Macrolides are antibiotics widely prescribed in various clinical specialties, including otolaryngology, internal medicine, and pediatrics, for the treatment of several infectious diseases1,2,3. However, concerns regarding the potential association between macrolides and hearing loss have persisted over time4,5,6,7,8,9. Although numerous randomized controlled trials (RCTs) have investigated this relationship, their results have been inconclusive10,11,12,13,14,15. Notably, a systematic review and meta-analysis conducted by Alsowaida et al.16 revealed that the statistical significance of the association between macrolides and hearing loss had not been established.

Nevertheless, clinicians in clinical medicine conduct studies to explore the potential of macrolides in causing hearing loss17,18,19,20. They frequently encounter patients who report tinnitus after being prescribed macrolides in clinical practice. In fact, Vanoverschelde et al. in 2021 reported a significant association between the use of macrolides and a 25% increase in the probability of tinnitus occurrence in a fully adjusted model19.

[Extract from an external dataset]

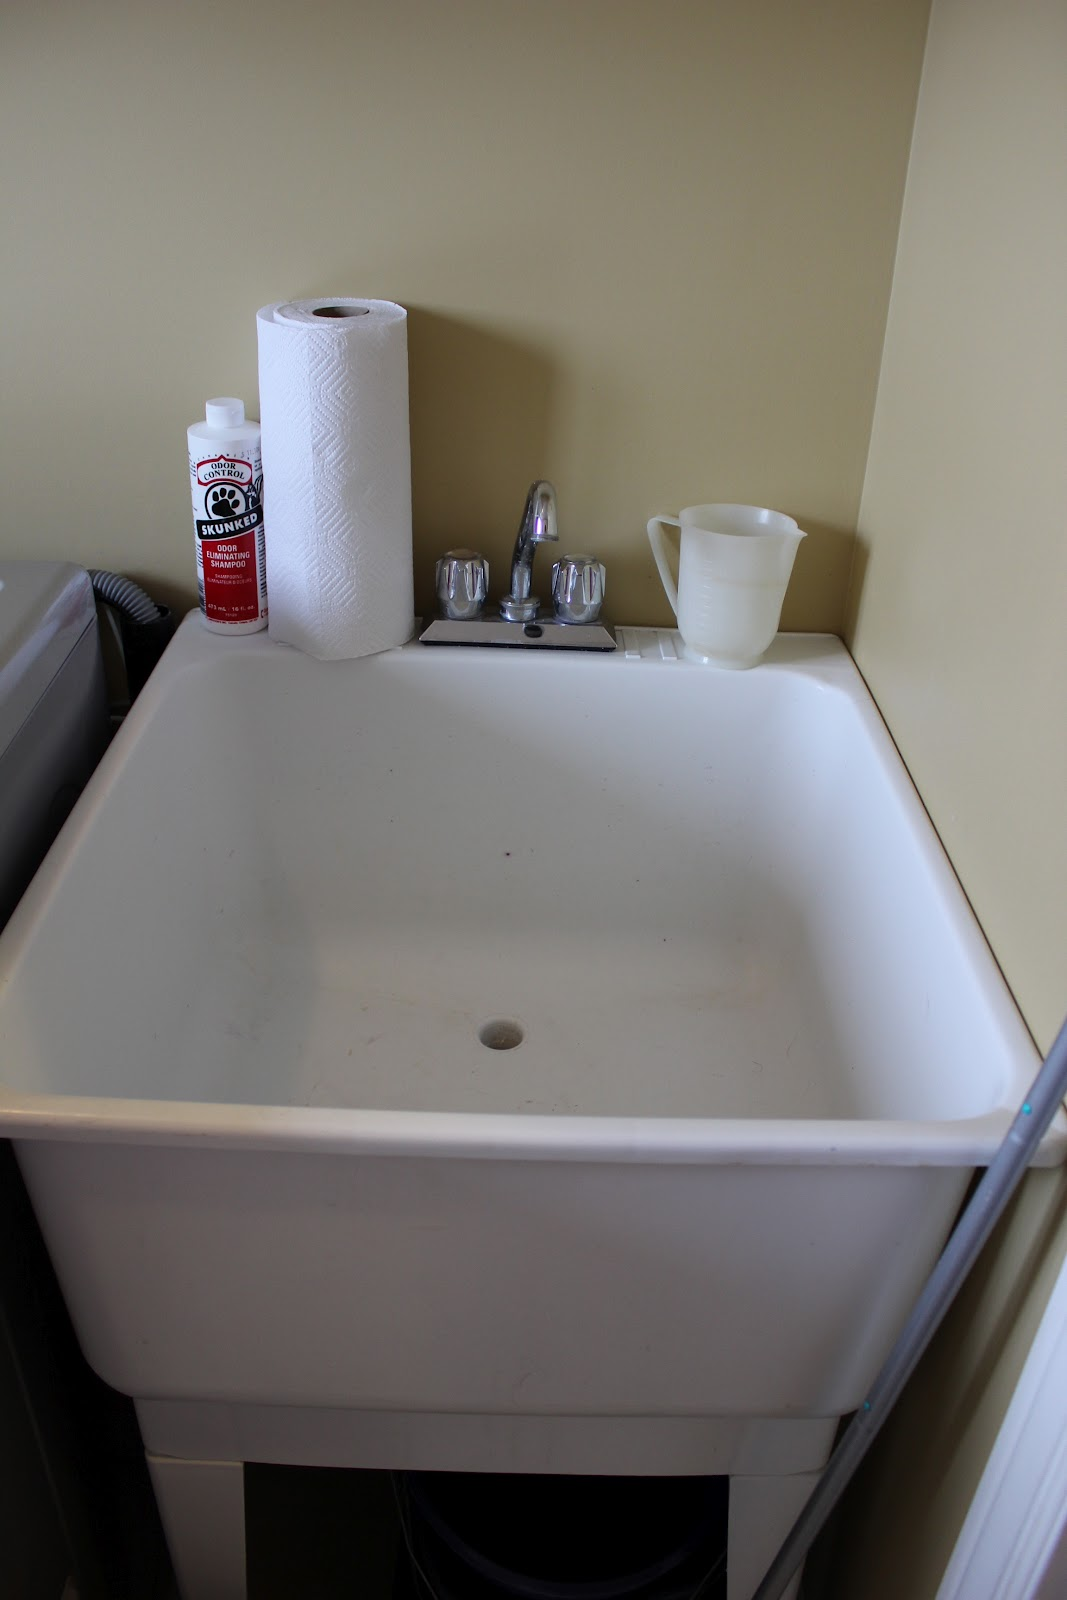 Laundry Sink Costco : Costco Laundry Tub envfusion au css costco laundry tub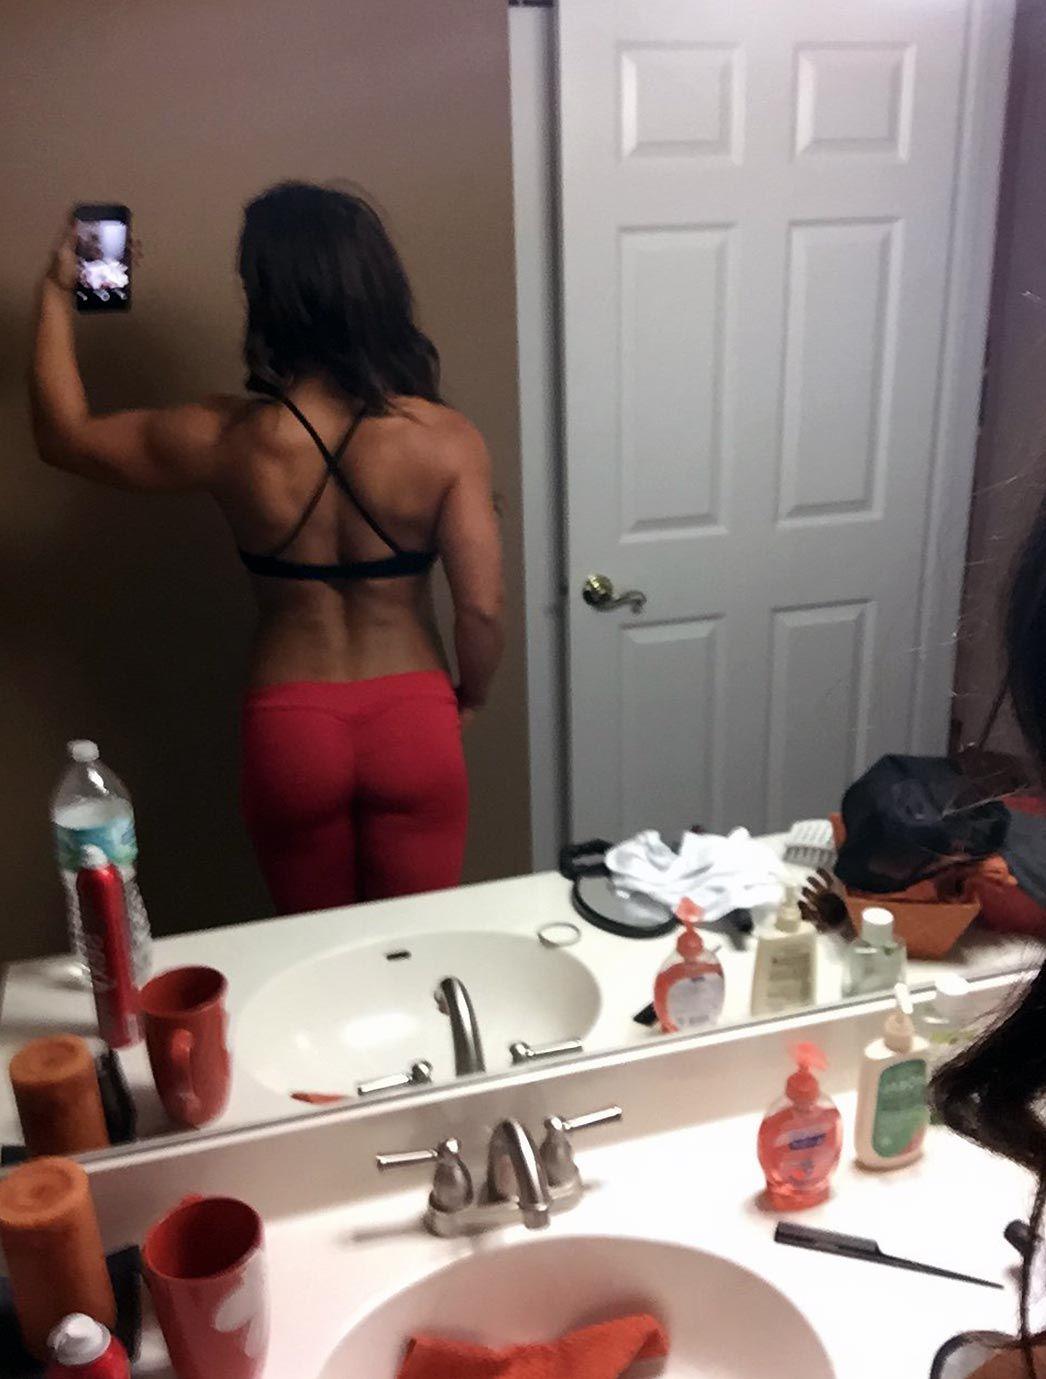 Celeste Bonin Nude Leaked The Fappening & Sexy 0122

Consequently, concerns persist regarding the potential ototoxicity of macrolides. This concern is further amplified by increased societal interest in hearing loss, driven by increasing life expectancy worldwide21,22,23,24. Hearing loss not only poses challenges in daily life, but also has significant implications for individuals, including increased risks of depression and dementia22,25,26.

Since the last reported meta-analysis conducted on this topic in 2021, several studies have consistently reported an elevated risk of tinnitus or hearing loss associated with macrolides18,19,20. Therefore, further systematic reviews and meta-analyses are necessary. Accordingly, we performed this systematic review and meta-analysis encompassing all previously published studies on the association between macrolides and hearing loss to date. Additionally, through a subgroup analysis, we aimed to provide insights into aspects that may have been overlooked in previous meta-analyses, thereby offering a more comprehensive understanding of the topic.

Materials and methods

This systematic review and meta-analysis is registered in the PROSPERO database (registration number: CRD42023426621) and conducted in accordance with the Preferred Reporting Items for Systematic Reviews and Meta-Analyses (PRISMA) statement27 and the Meta-Analysis of Observational Studies in Epidemiology (MOOSE) reporting guidelines28.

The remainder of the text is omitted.